En el histórico barrio del Carmen, allí donde se instalase antaño el proletariado valenciano, había encontrado acomodo Ramón Sandoval. Entre las agujereadas Torres de Quart, resto de la muralla medieval, y las mancebías que proliferaban en la zona, se sentía como en casa. Parecía que las miserias del asedio habían desatado los vicios en la ciudad. Un edificio estrecho de tres plantas, ennegrecido por la guerra, era la sede de su improvisado hogar. El invierno había llegado a la contienda civil española.

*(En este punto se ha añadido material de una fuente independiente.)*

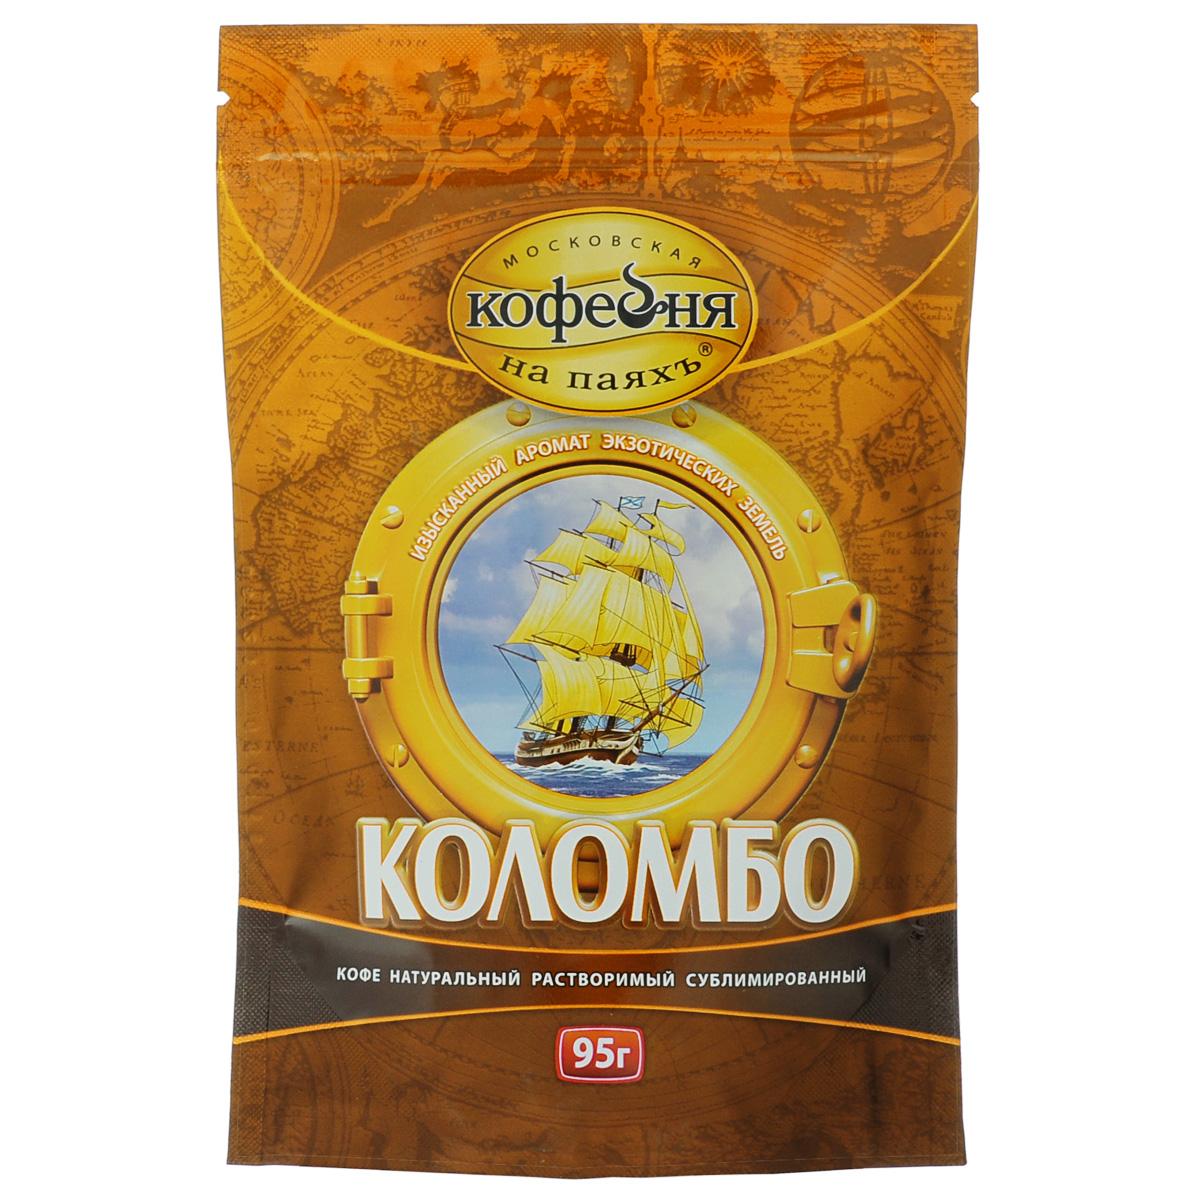 Московская кофейня на паяхъ Коломбо кофе рaстворимый, пакет 95 г0120710Кофе натуральный растворимый сублимированный Московская кофейня на паяхъ Коломбо. Приготовлен из высококачественной Арабики. Темная обжарка придает крепкий насыщенный вкус и глубокий аромат.Родина кофе – Африка, но только в странах Латинской Америки он нашел свой истинный дом, ведь идеальные условия для возделывания кофейного дерева самой природой созданы именно там. Коломбо понравится тем, кто ценит крепкий кофе со сложным, чуть терпким вкусом. Если Арабика кажется вам слишком мягкой, попробуйте Коломбо. Это идеально выверенная смесь сортов арабики из Южной и Центральной Америки.
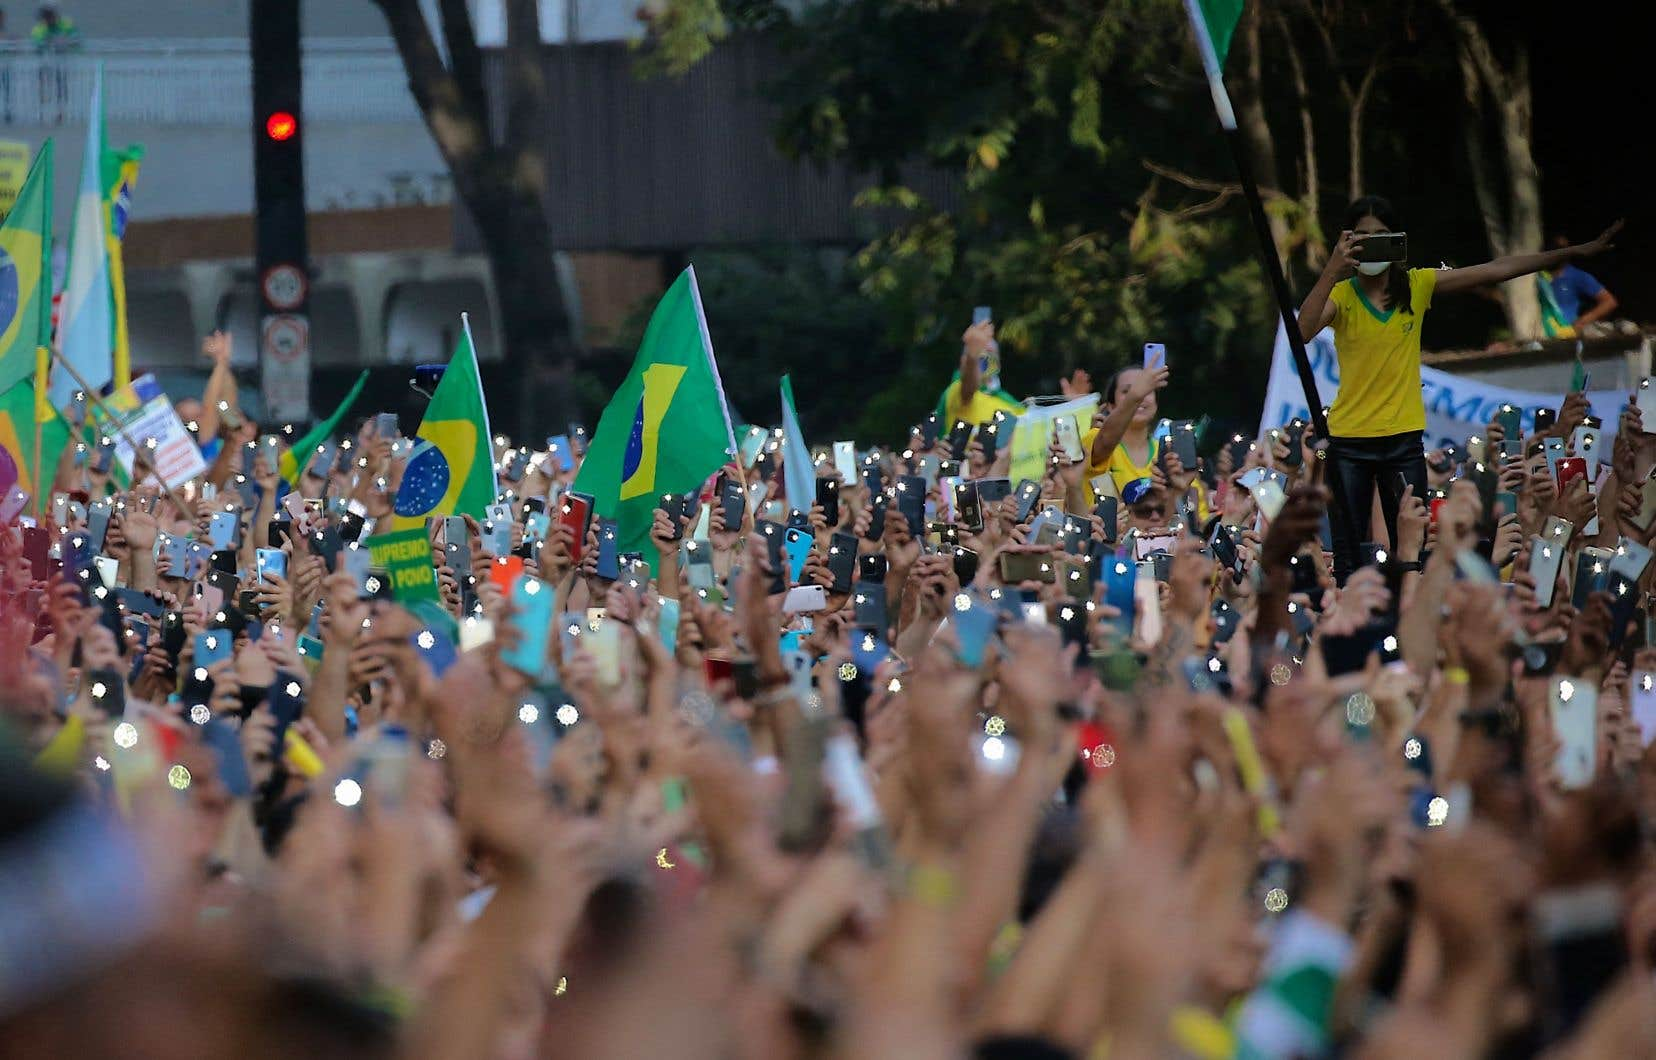 Des milliers de Brésiliens sont descendus dans les rues à travers le pays mardi pour apporter leur soutien au président Bolsonaro à l'occasion de la fête nationale du Brésil.

Manuel entró en la aséptica habitación donde su hermano se acicalaba, con un entusiasmo torpemente fingido, para una noche de fiesta. Aquel día era sábado, las penas no entendían de holganzas humanas. Esa mañana enterraron a la madre de Araceli. Ahora, Ramón se preparaba para pasar un rato con los camaradas. A veces, cada vez más, no entendía a su hermano. La guerra lo había cambiado, no cabía duda. Este lo saludó aparentemente alegre, casi altivo, sin detenerse en su preparación.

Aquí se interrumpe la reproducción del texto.